The hunt for the Unesco tag for Chandigarh (“Will UNESCO tag help Corbusier legacy?”, April 11) is an exercise in futility. I had established way back in 2006 in the first symposium on Chandigarh that despite its young age, the city is a priceless world treasure of creativity in town planning and architecture. When we view the city in terms of its outstanding universal value, which is the United Nations Organisation’s prescription, the conventional criterion of old age is at once transcended, and Chandigarh assumes the status of modern heritage.

The UNO has clarified that “universal value” is the key to world heritage. It means that the importance of World Heritage properties transcends national boundaries. Their qualities are extraordinary so that no matter which country they are found in and who experiences them, they evoke a sense of wonder and admiration. And it further says that the work must meet at least one of 10 selection criteria in which number one is to represent a masterpiece of human creative genius.

Chandigarh fulfils these two criteria. Then, why are we hunting for the Unesco tag? My answer is that we are doing so out of sheer ignorance, apathy and intellectual inertia.

Though not formally trained as an architect, Le Corbusier was the greatest architect of the 20th century since Michelangelo. His oeuvre has taught the world crucial lessons in modern urbanism. In this sense, Chandigarh is more famous as his creation rather than for its intrinsic merits. Therefore, seeking Unesco evaluation is like getting a D.Litt. degree certified by a secondary school teacher. However talented the assessors of Unesco may be, they are, in my opinion, puny in stature compared to the gigantic genius of Le Corbusier.

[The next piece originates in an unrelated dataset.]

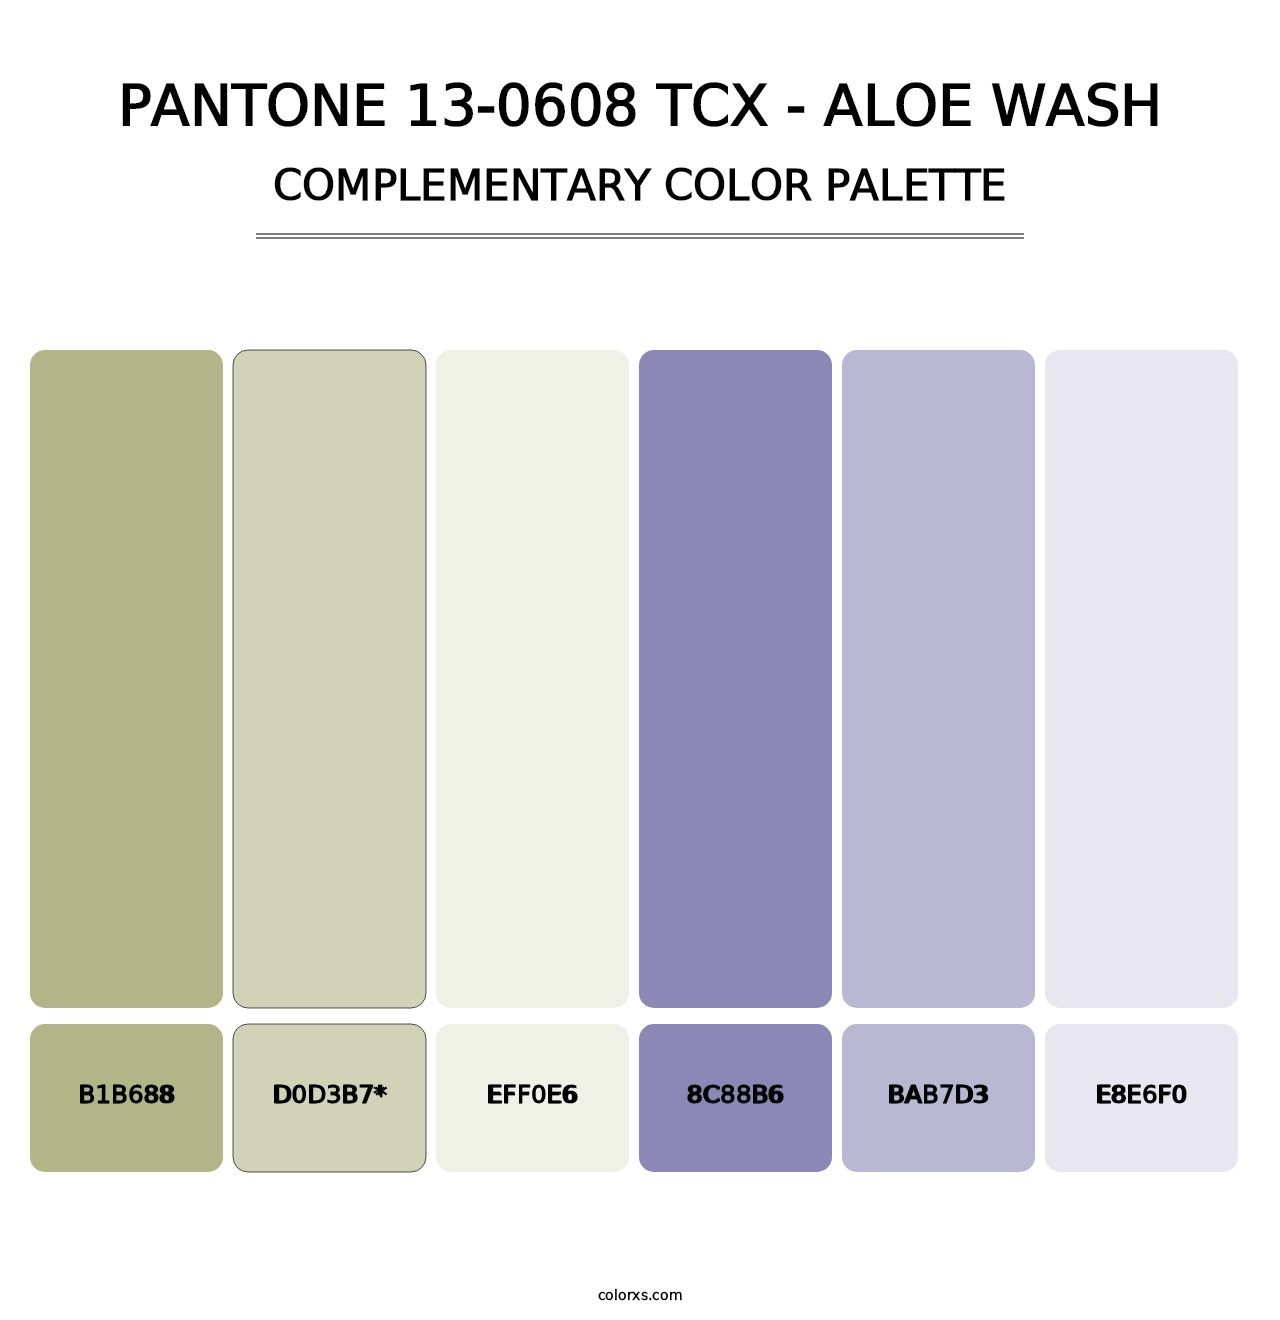 PANTONE 13-0608 TCX - Aloe Wash - Complementary Color Palette

The other covert consideration of engaging international police for safeguarding this legacy is a shameful reflection on our gross inability to do so ourselves.

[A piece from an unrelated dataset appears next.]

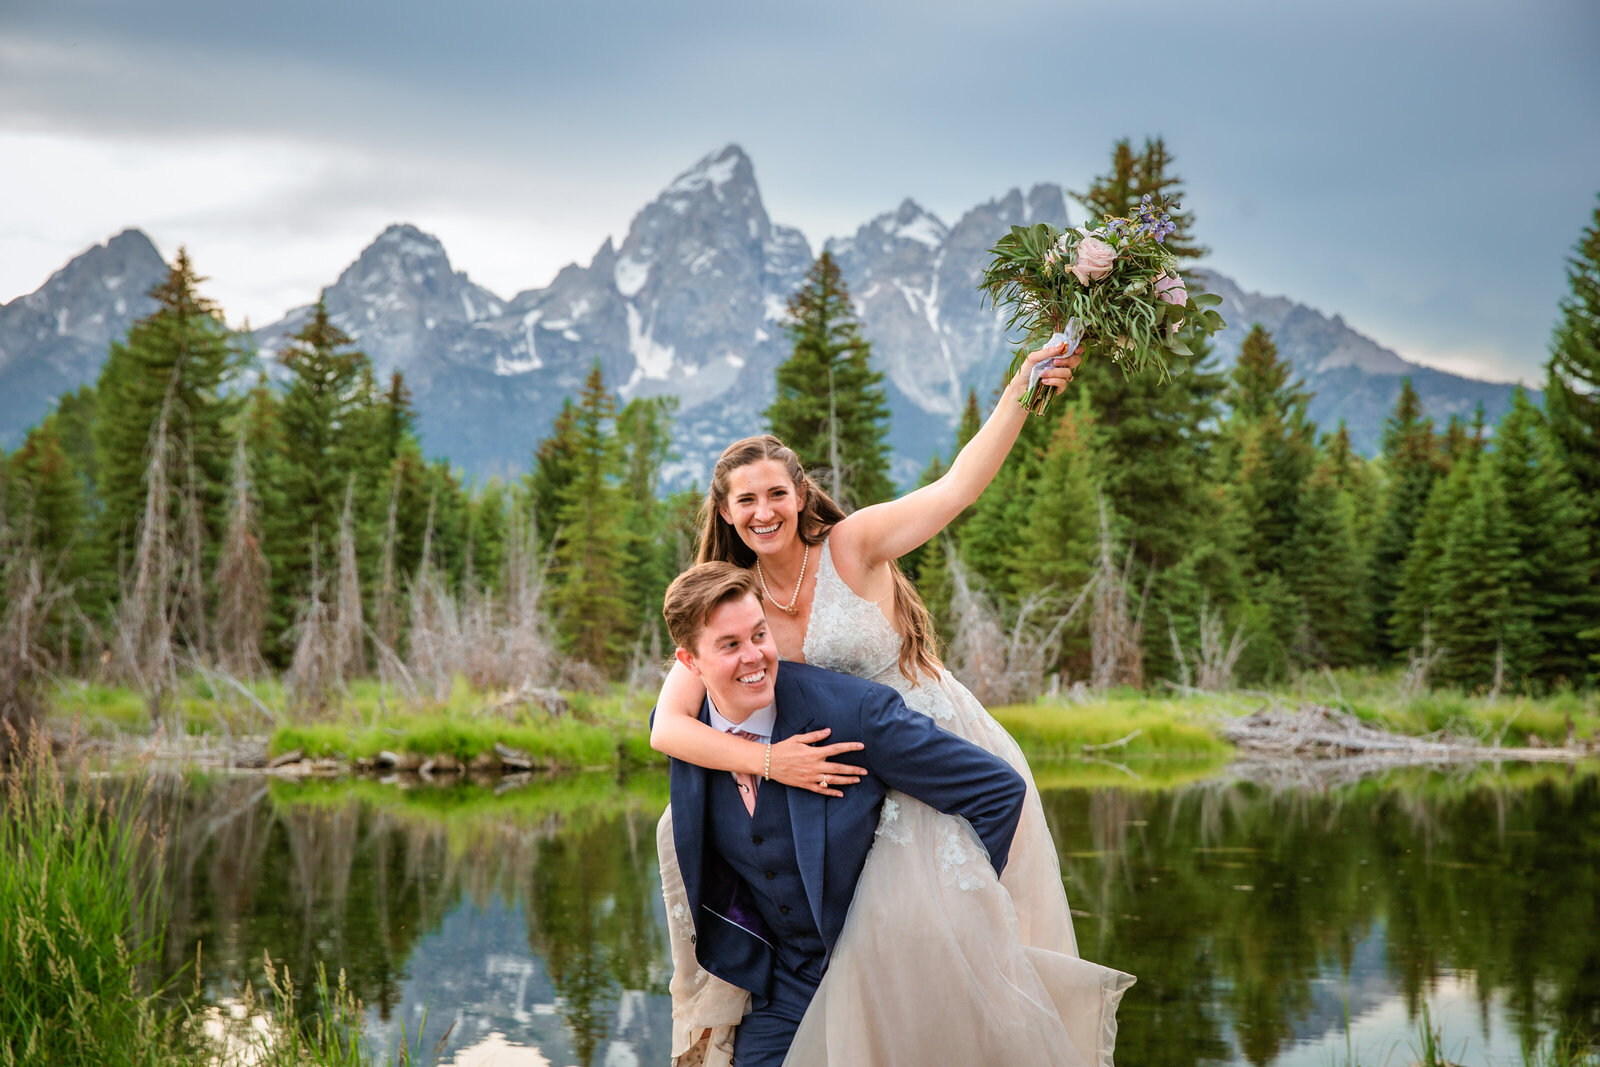 Jackson Hole photographers capture bride and groom celebrating recent wedding

Chandigarh is a world city. Let us awaken to the incomparable value of this modern heritage and preserve Le Corbusier’s legacy with our own unremitting love and care steeped in befitting national pride.

Dr SS Bhatti, via email

Hire or refund, PSWC

It’s been more than five months since the PSWC advertised for 140 jobs in November, taking a fee of ~800 from each aspirant. The fee was confirmed in the first week of January. But since then, nothing has been said about the date of  the examination.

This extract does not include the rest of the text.